ACTION ITEM: Output, exactly as written, the lines below starting at the line containing "Cursos de fotografía no Campus USC – Lugo" and ending at the line containing "Velda vt vex". Drop the pictures and keep both end lines.

MATERIAL FOR THE TASK:

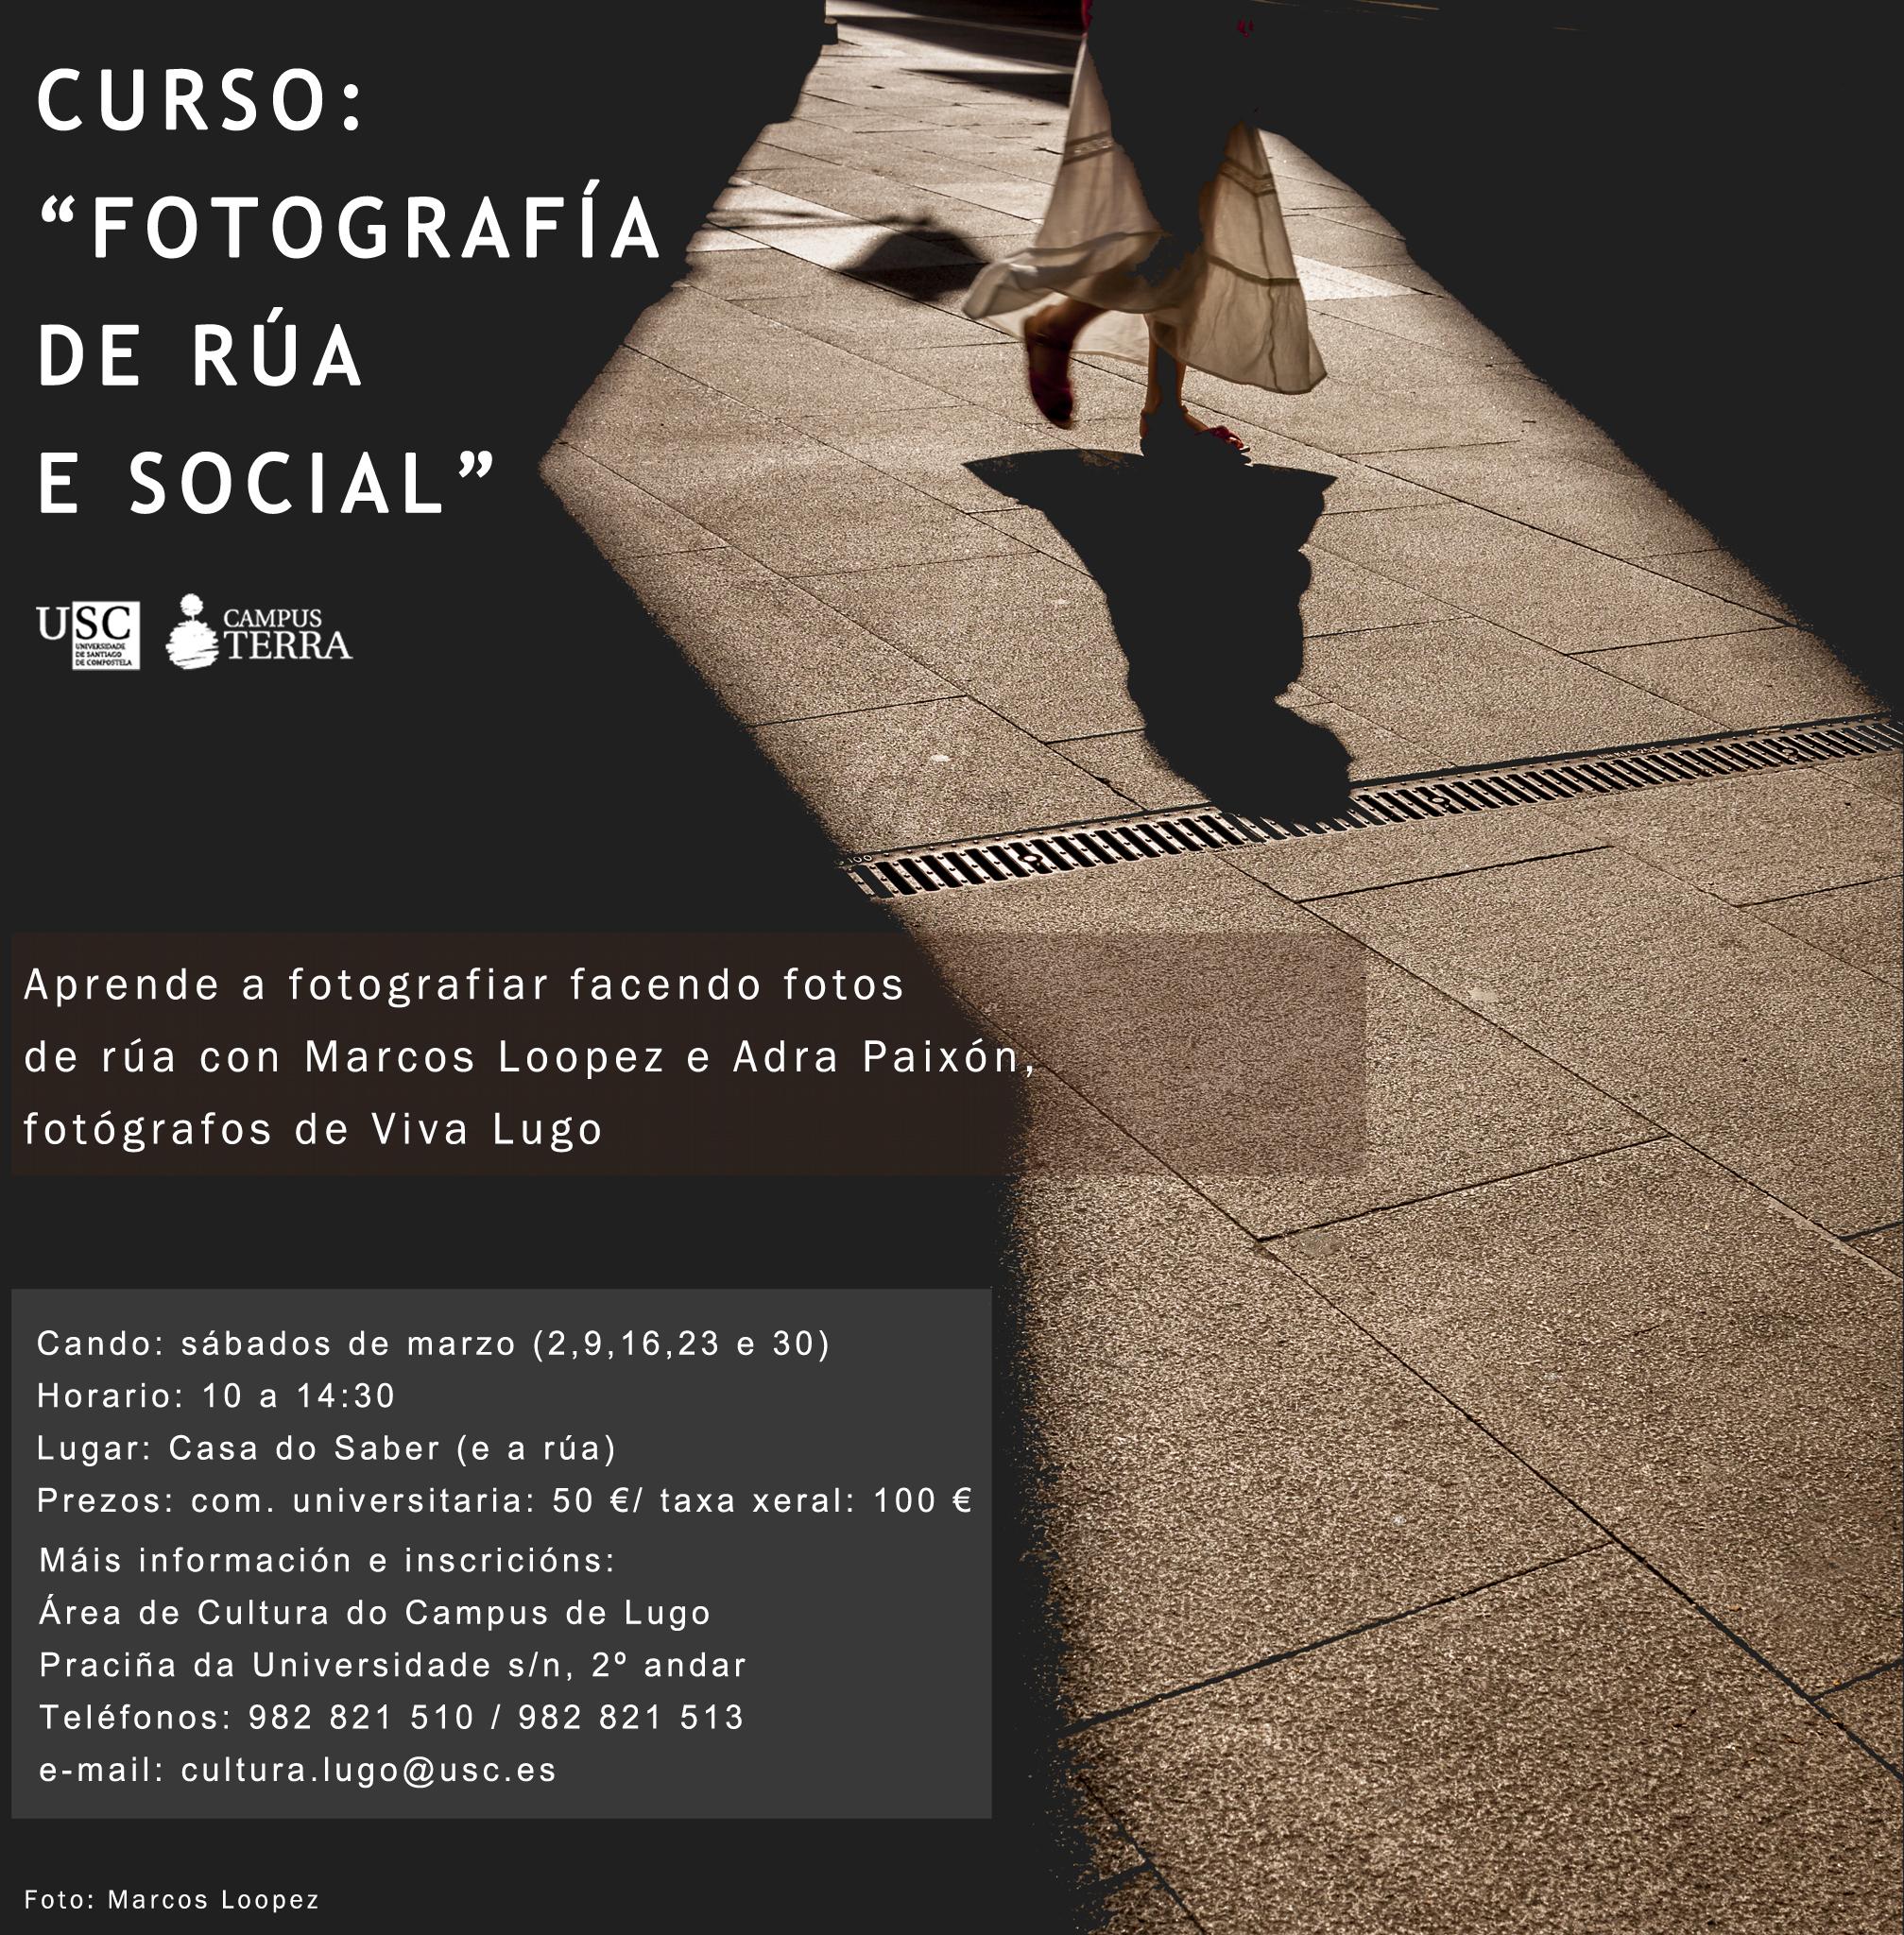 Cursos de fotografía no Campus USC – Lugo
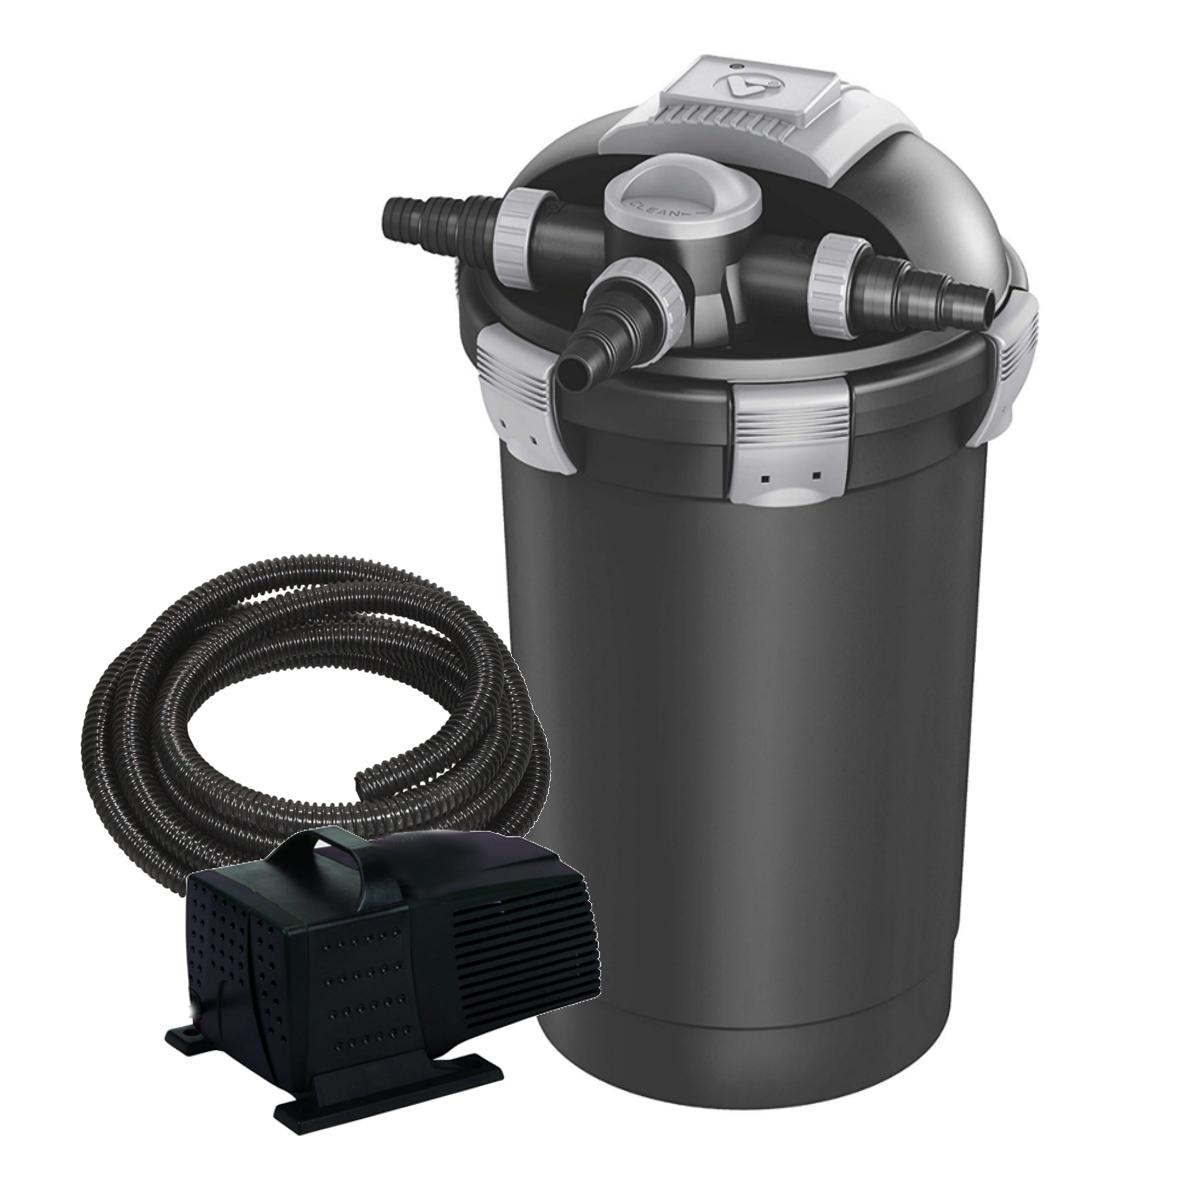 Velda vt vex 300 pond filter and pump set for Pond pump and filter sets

...

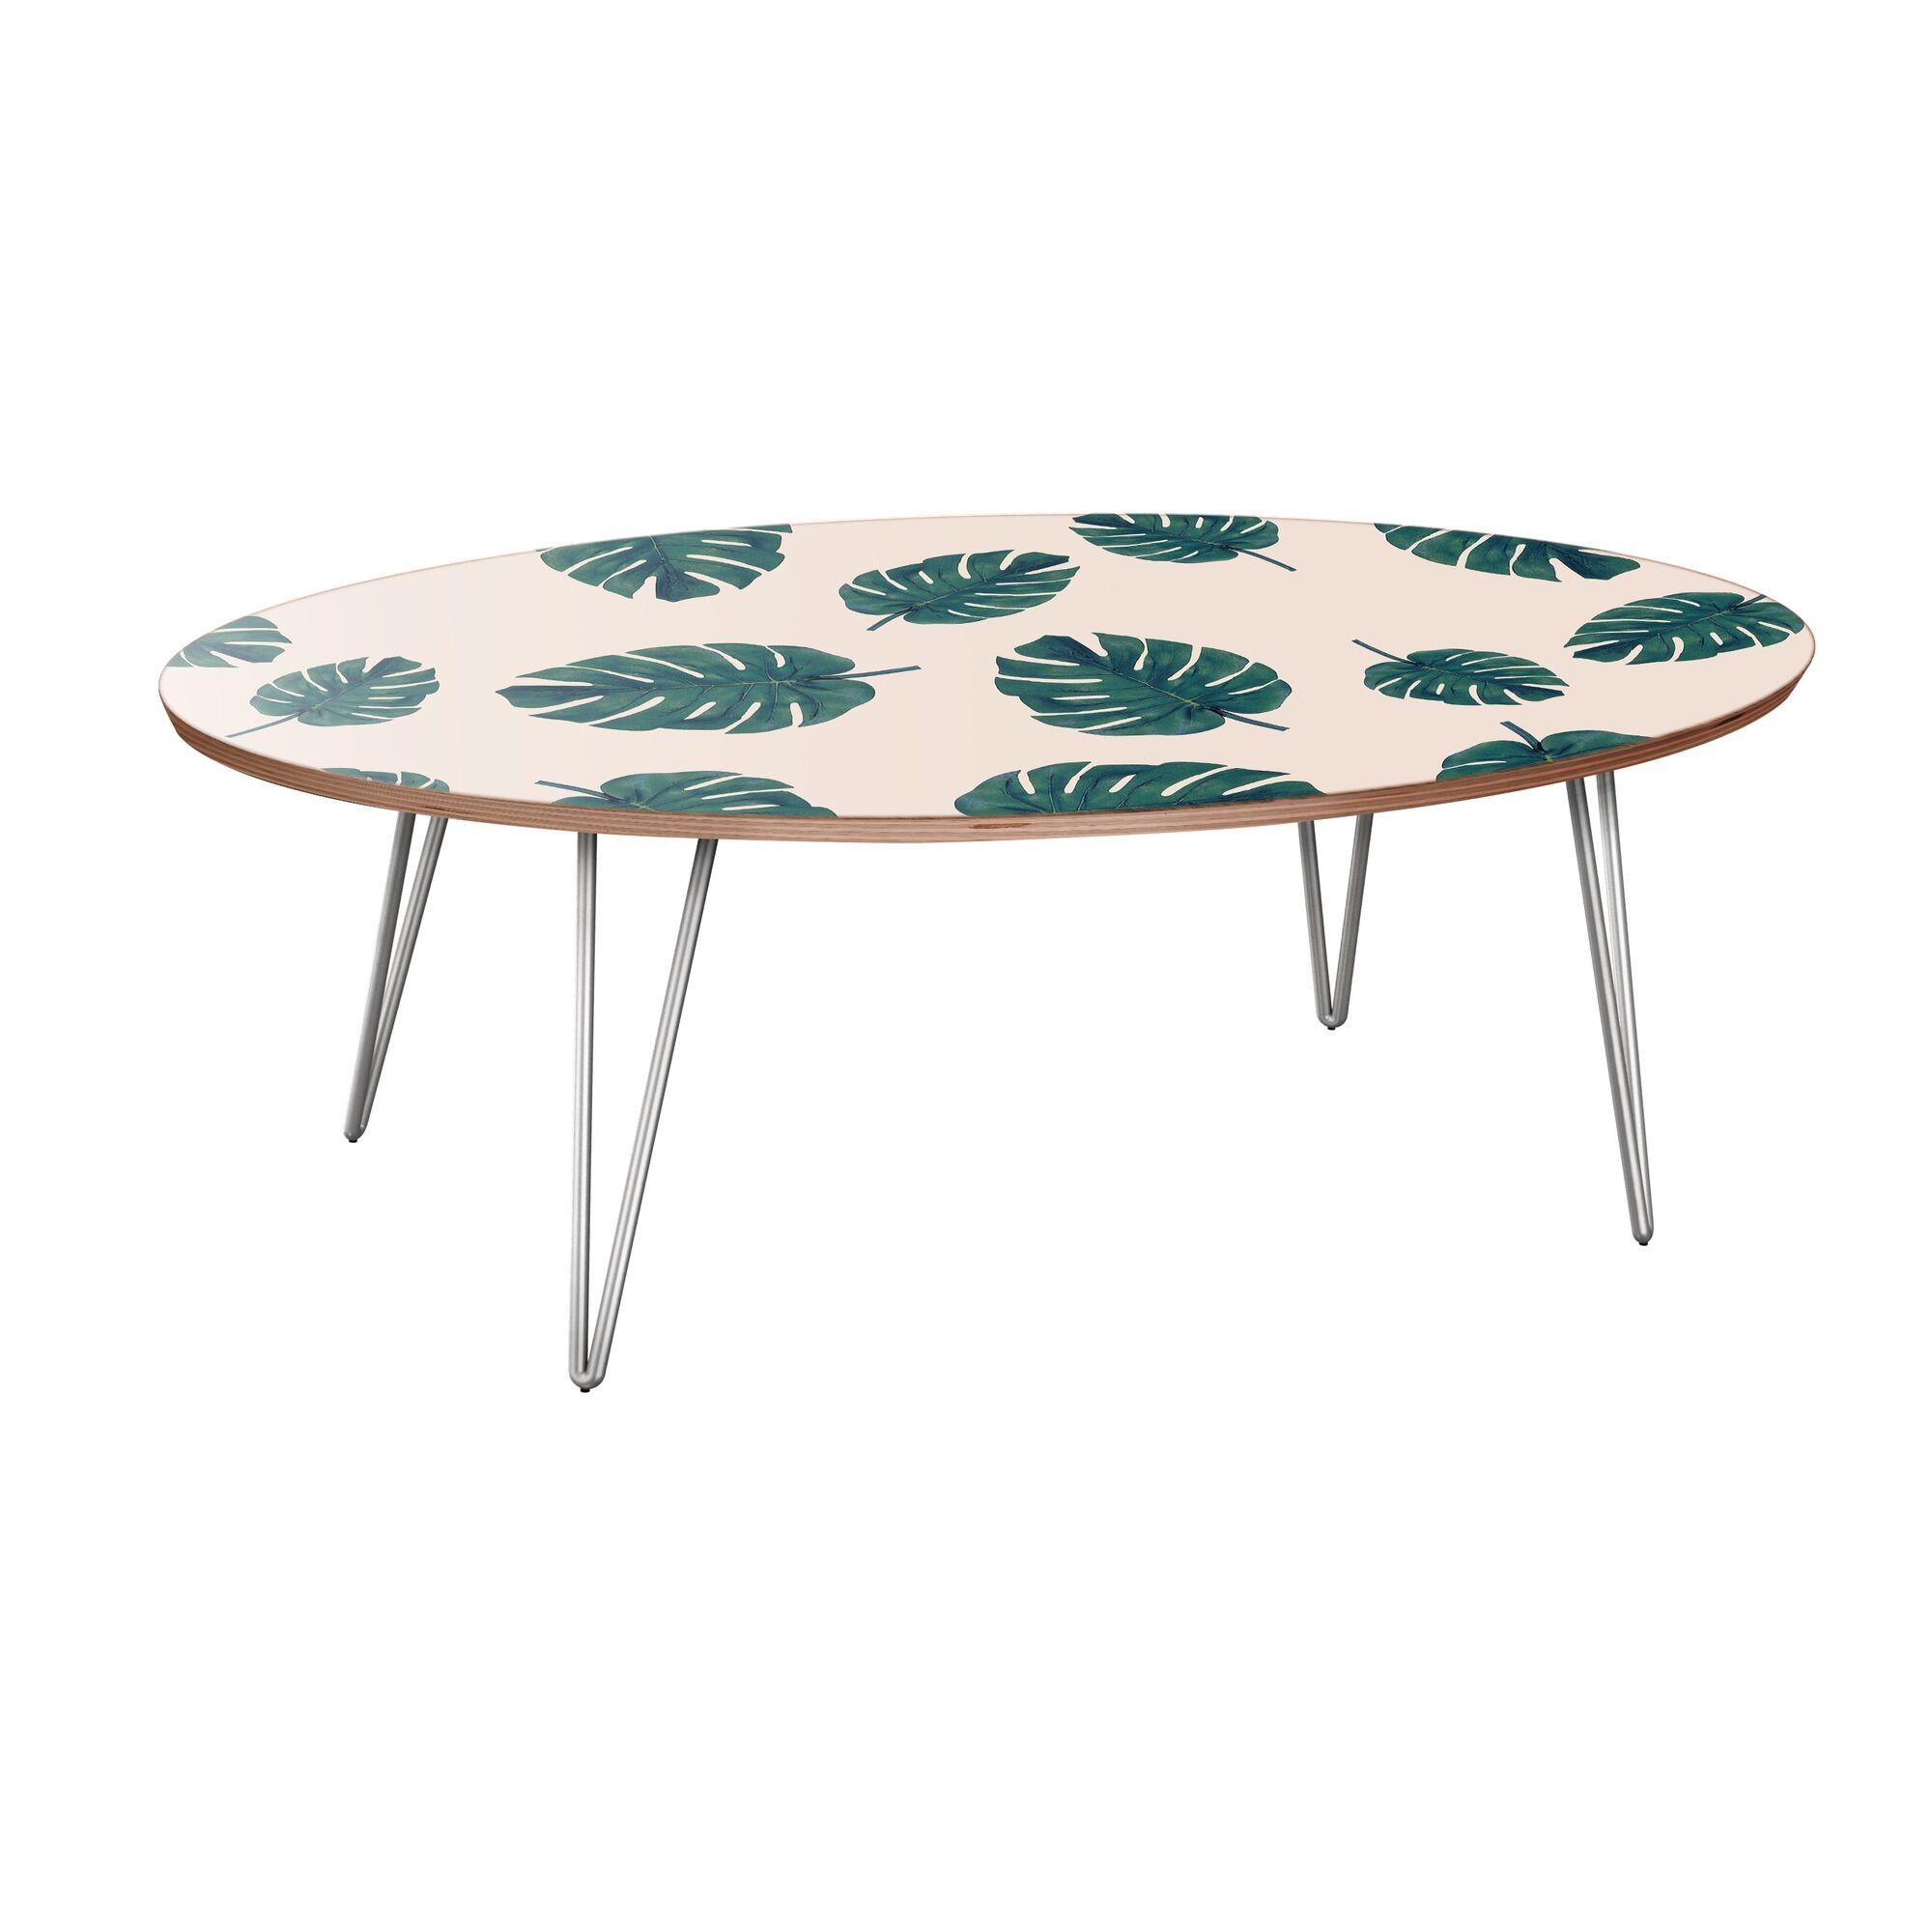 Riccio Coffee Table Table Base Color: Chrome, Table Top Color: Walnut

TASK OUTPUT:
 Cursos de fotografía no Campus USC – Lugo
 Velda vt vex 300 pond filter and pump set for Pond pump and filter sets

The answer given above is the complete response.